Problem description: Take the listing below and write it out again exactly, skipping any picture that it holds.

Dataset content:

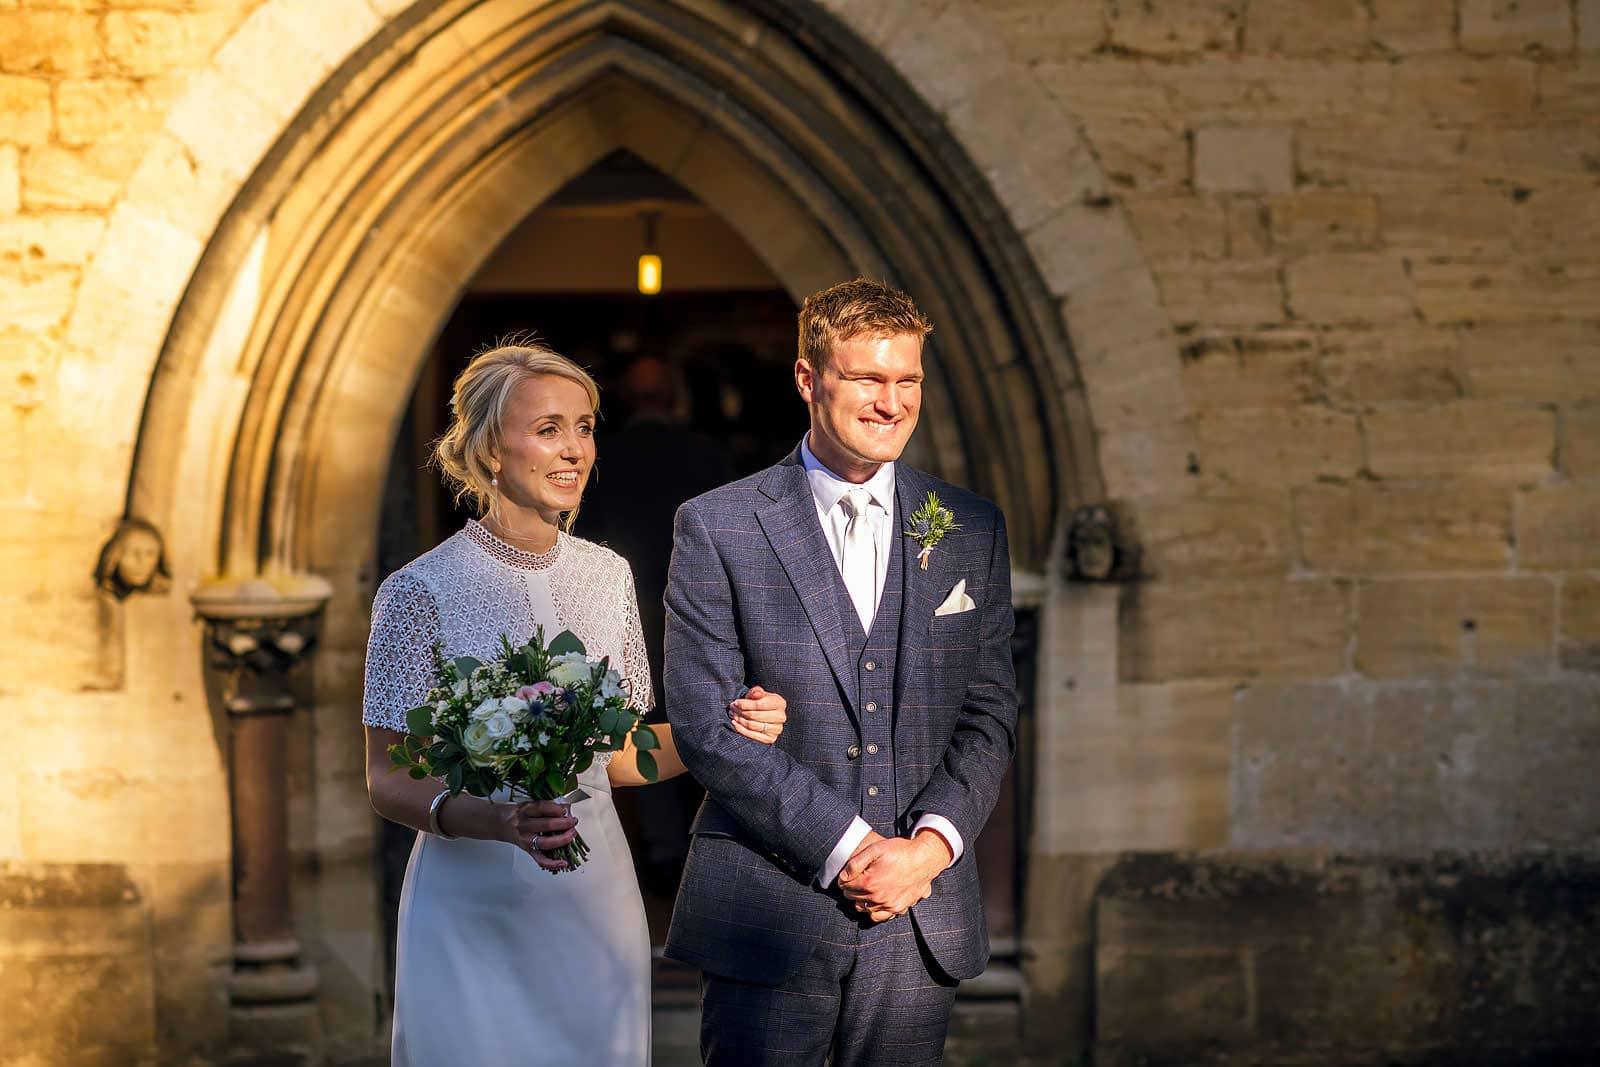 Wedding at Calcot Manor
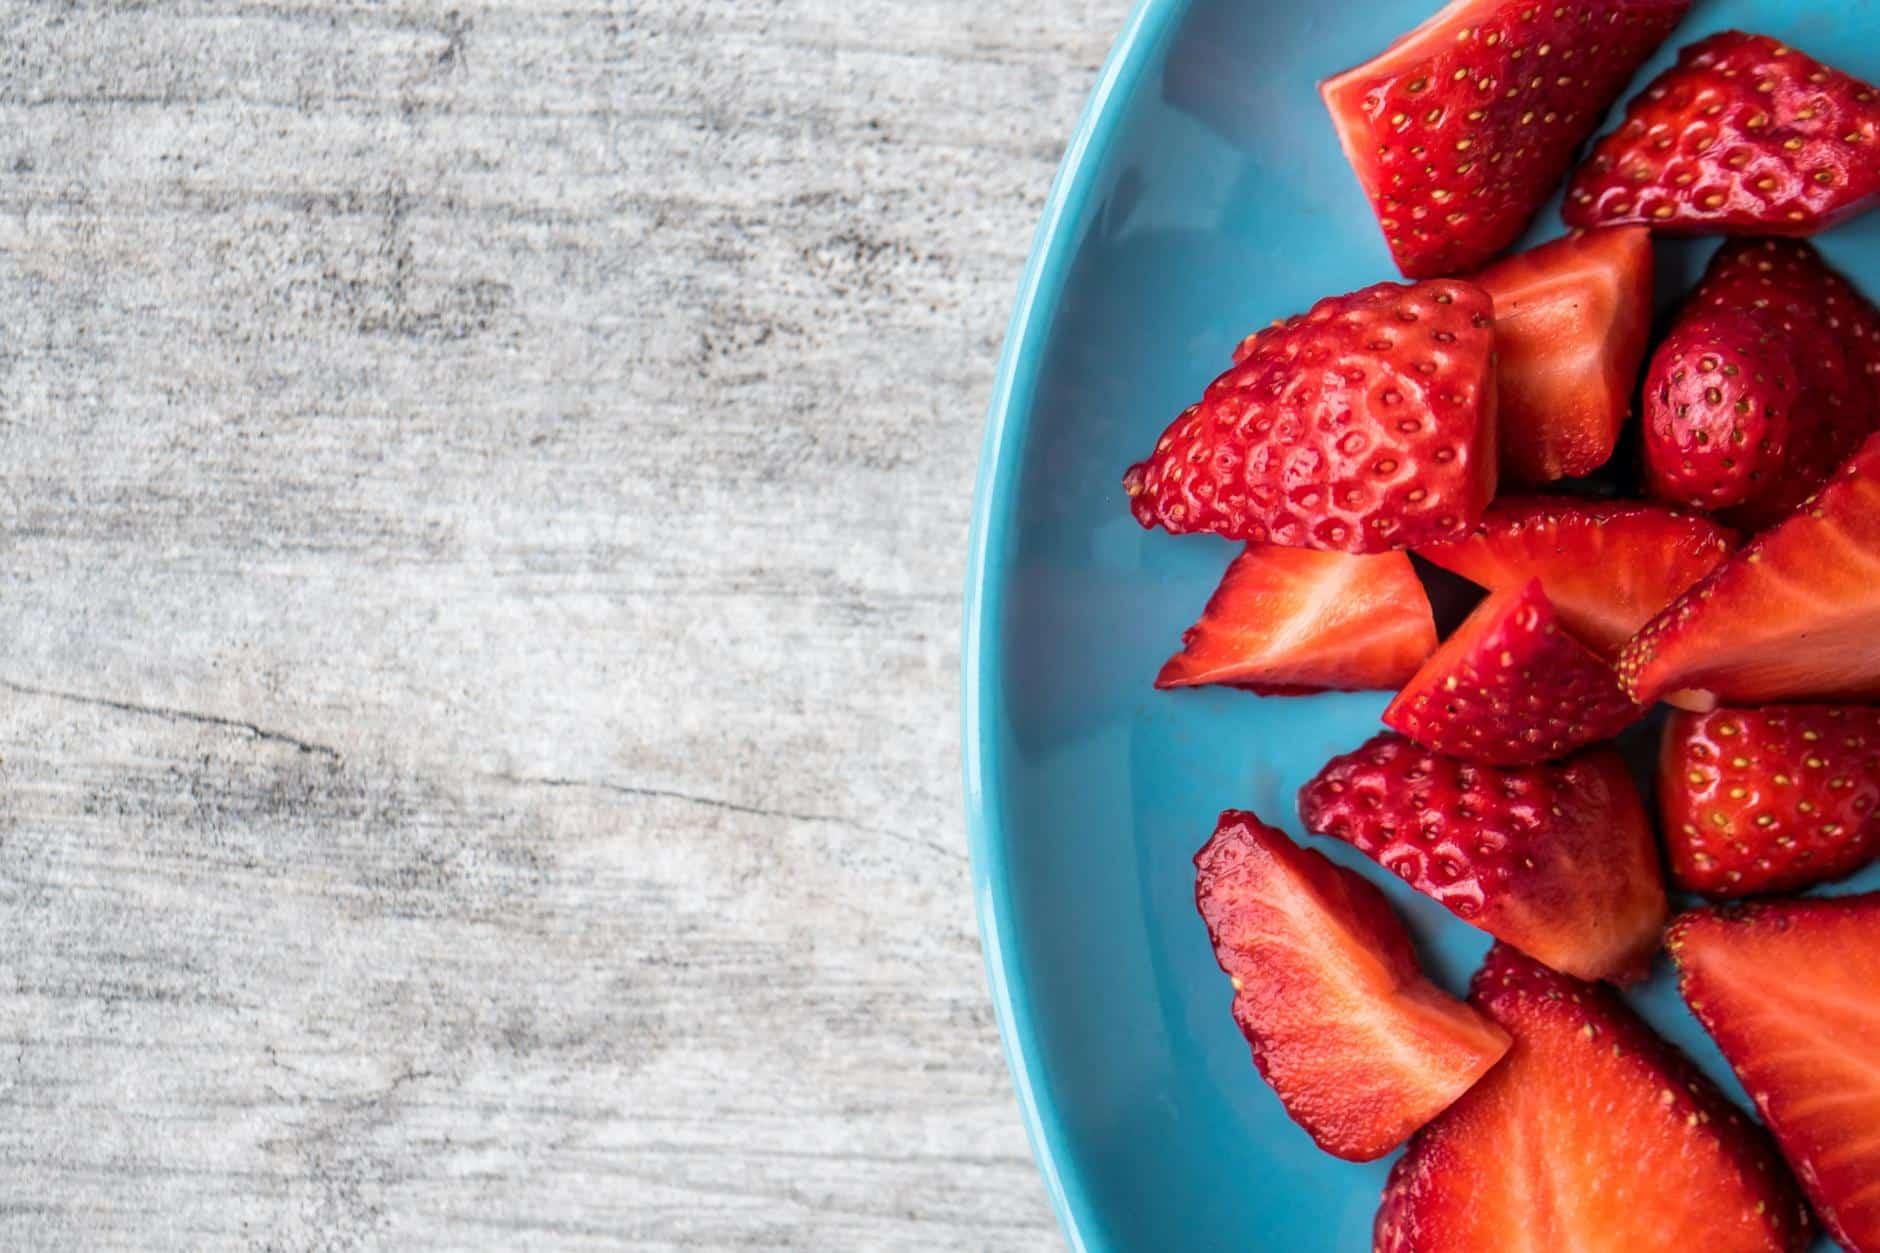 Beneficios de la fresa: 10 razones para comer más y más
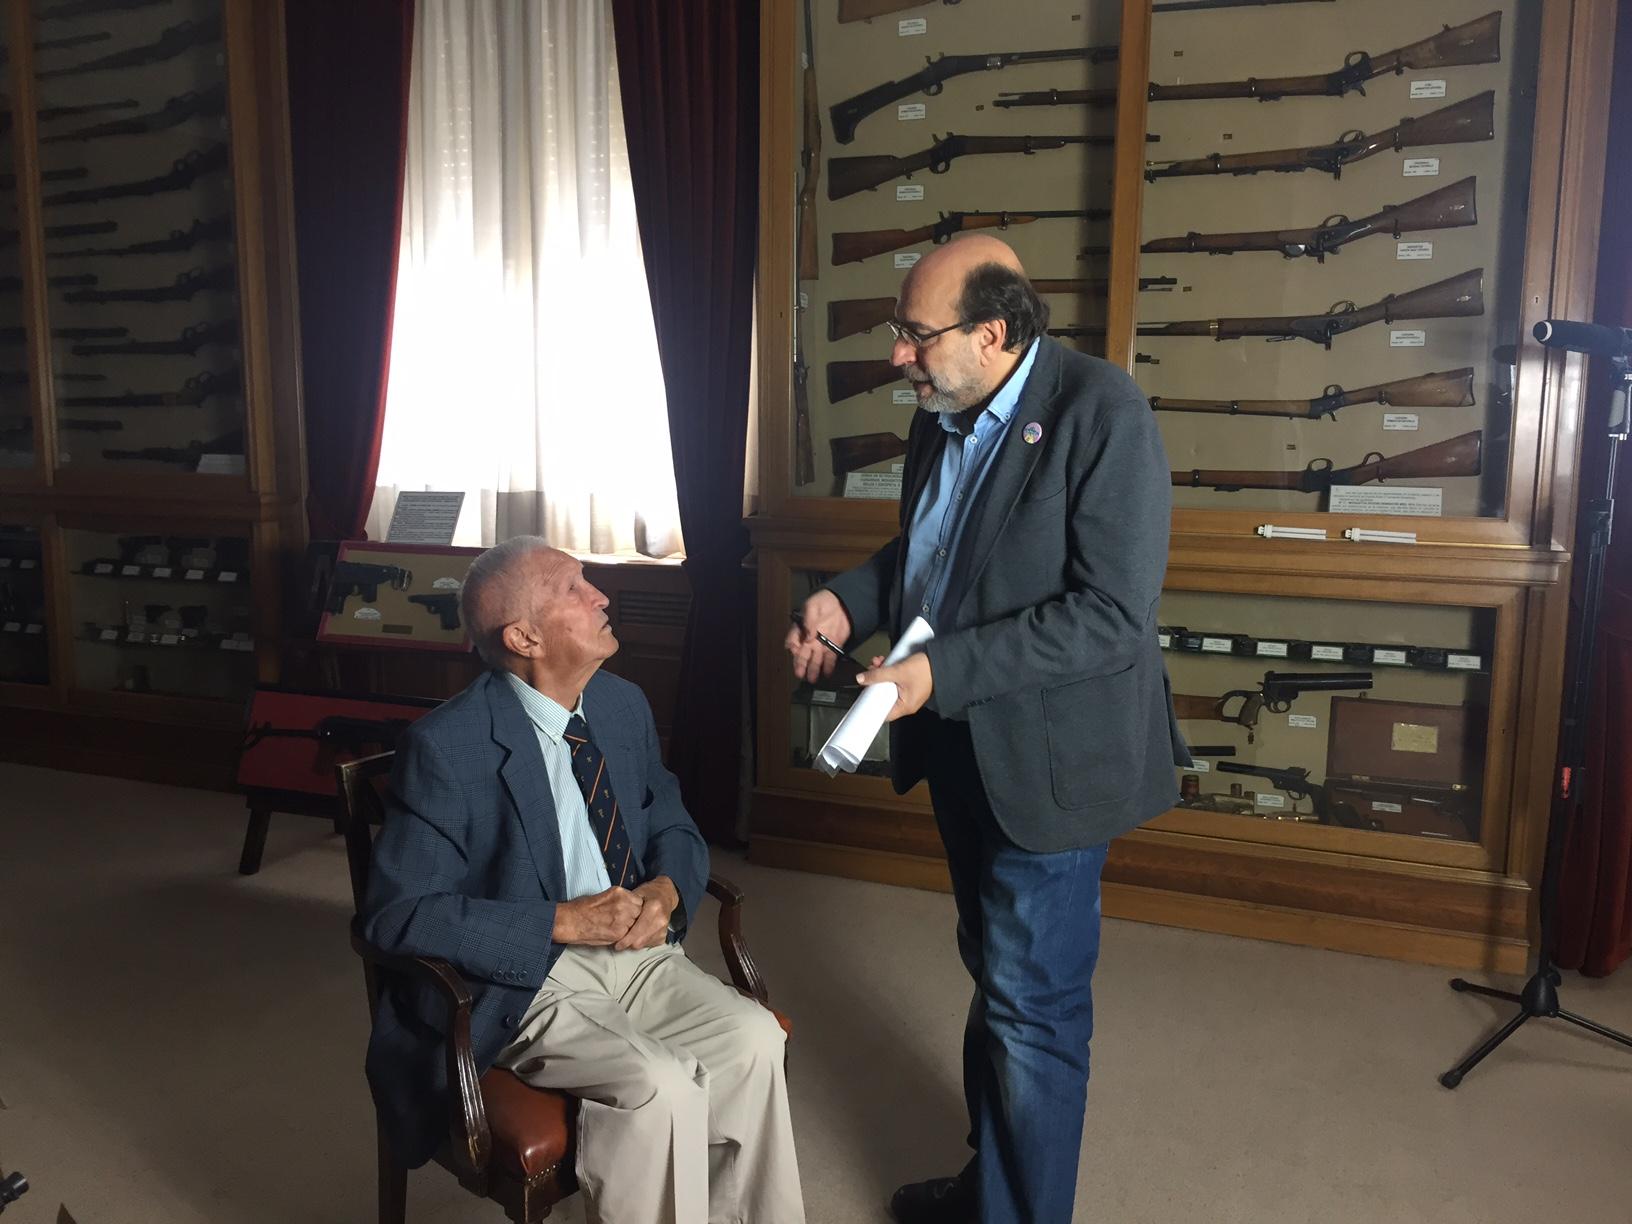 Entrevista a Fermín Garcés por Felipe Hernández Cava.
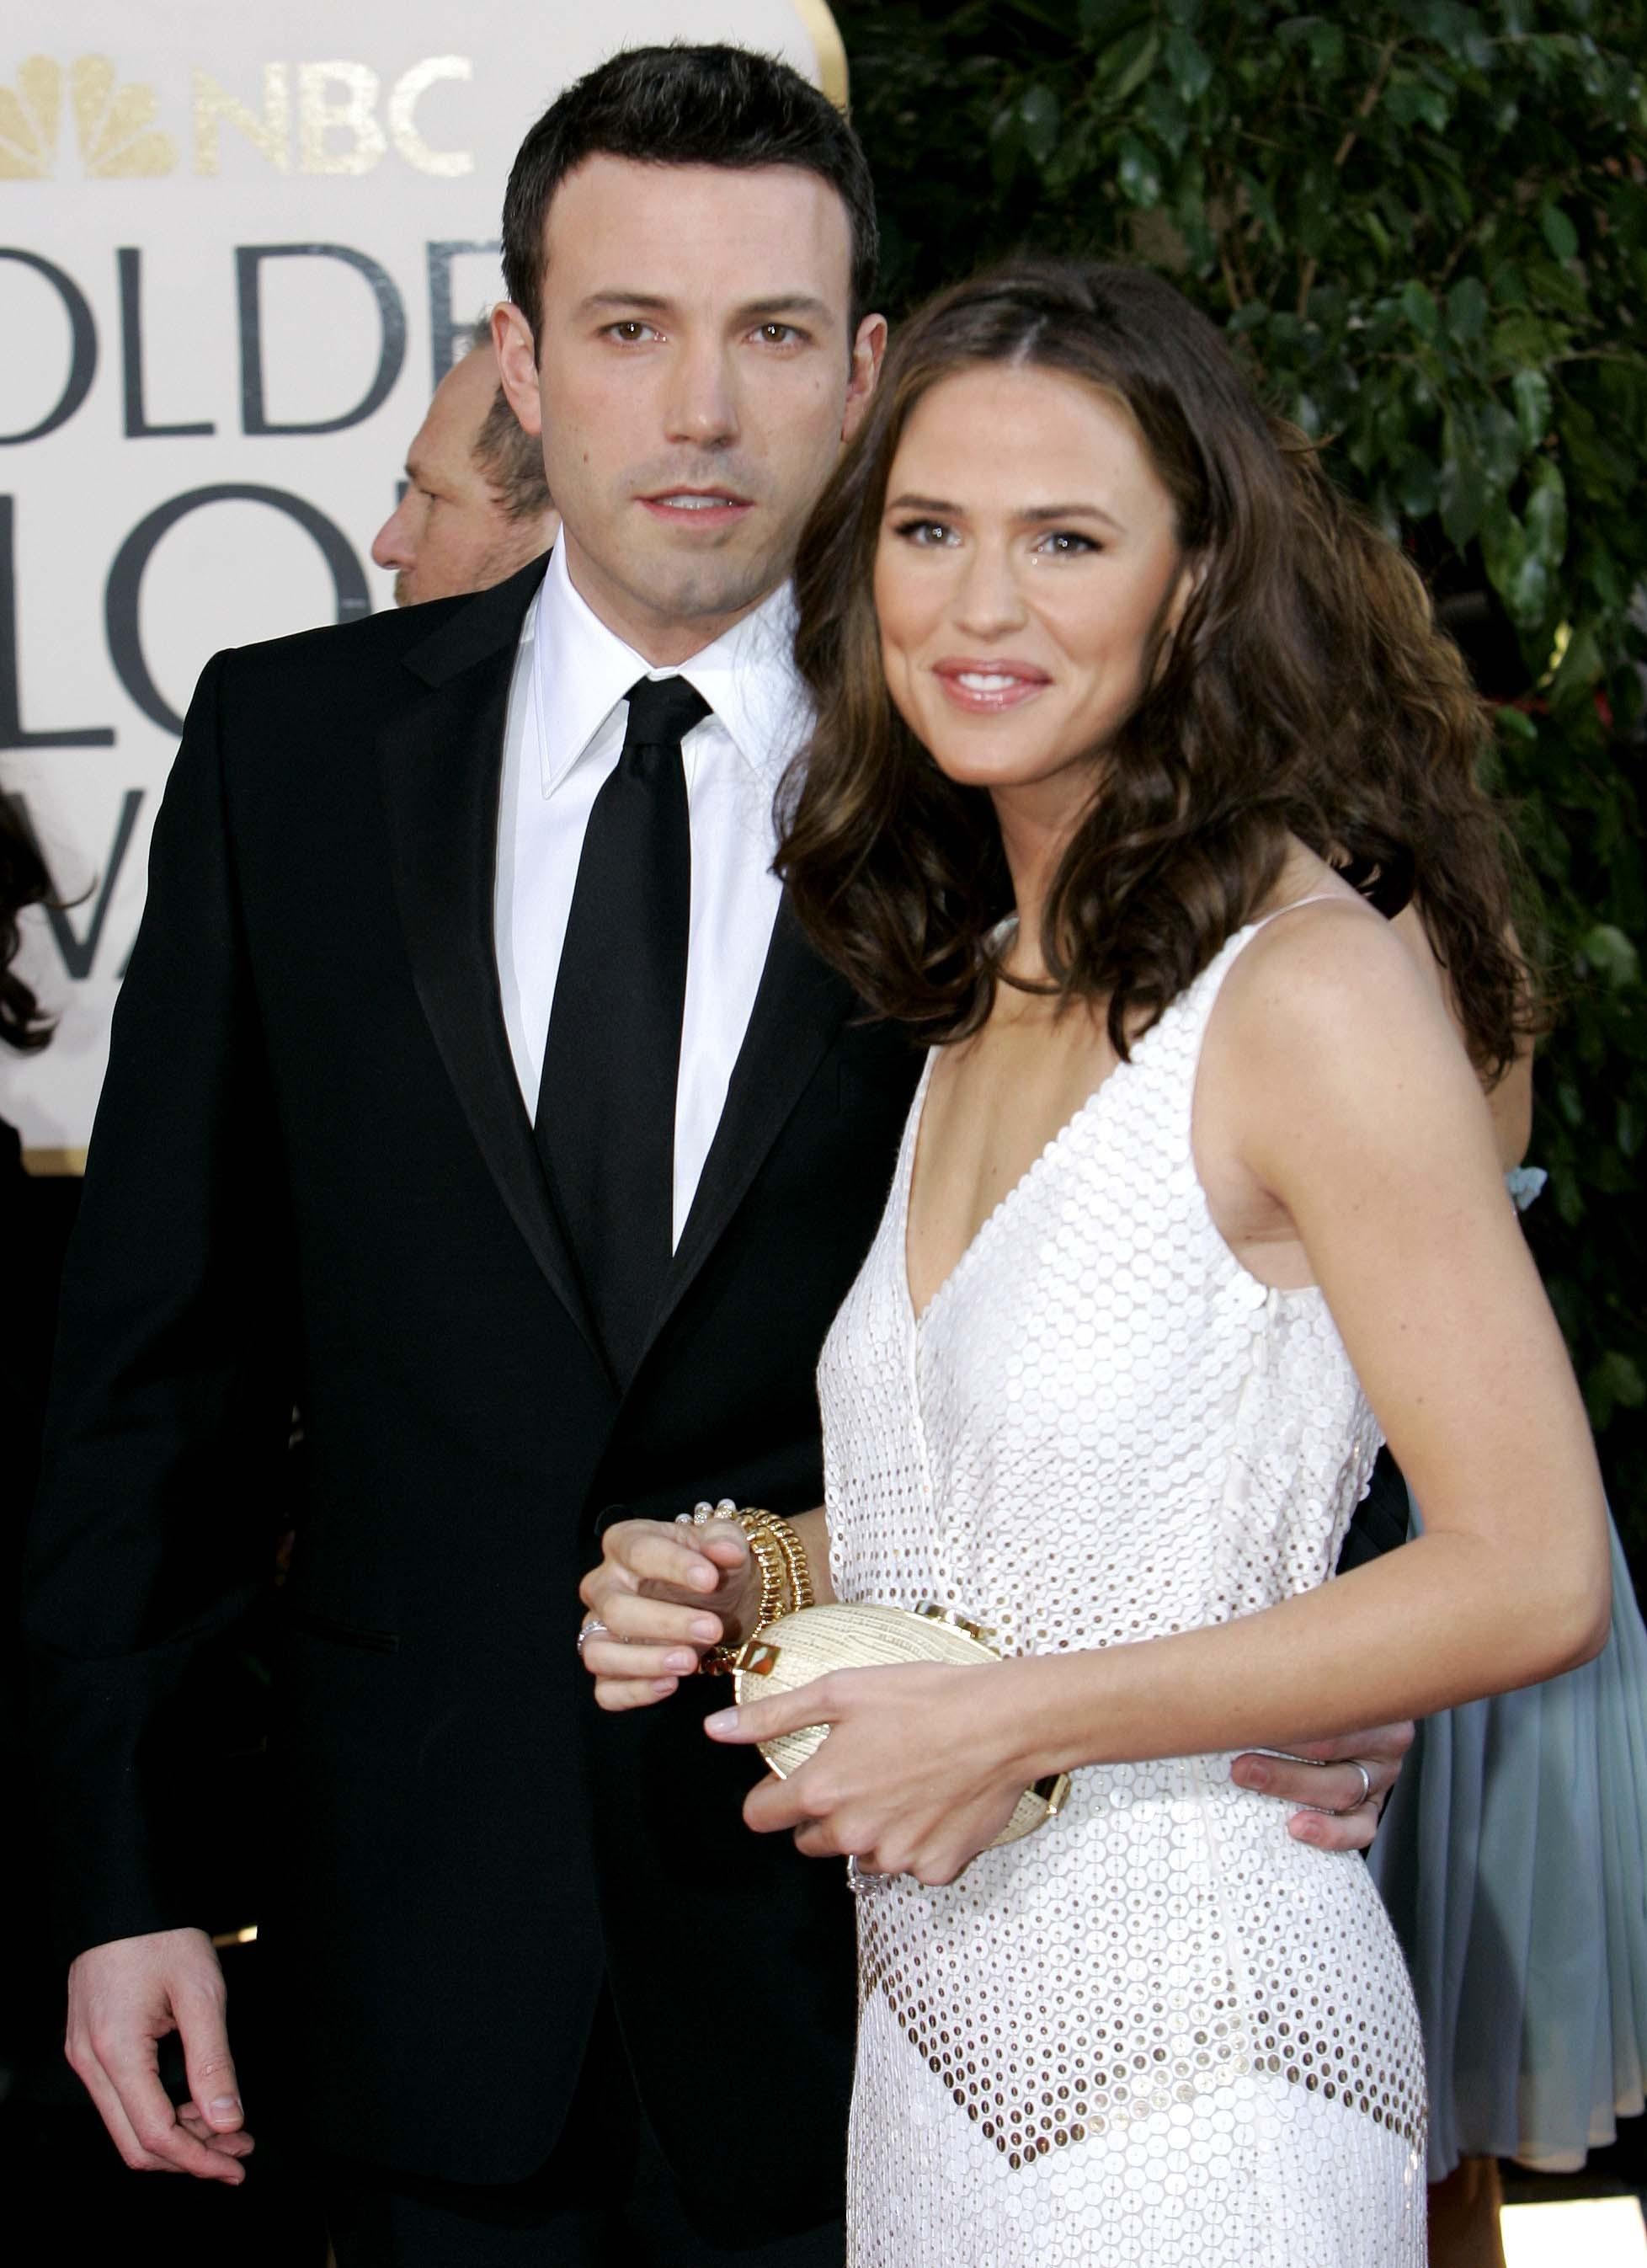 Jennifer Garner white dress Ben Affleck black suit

Written answer:
 Wedding at Calcot Manor
 Beneficios de la fresa: 10 razones para comer más y más
 Entrevista a Fermín Garcés por Felipe Hernández Cava.
 Jennifer Garner white dress Ben Affleck black suit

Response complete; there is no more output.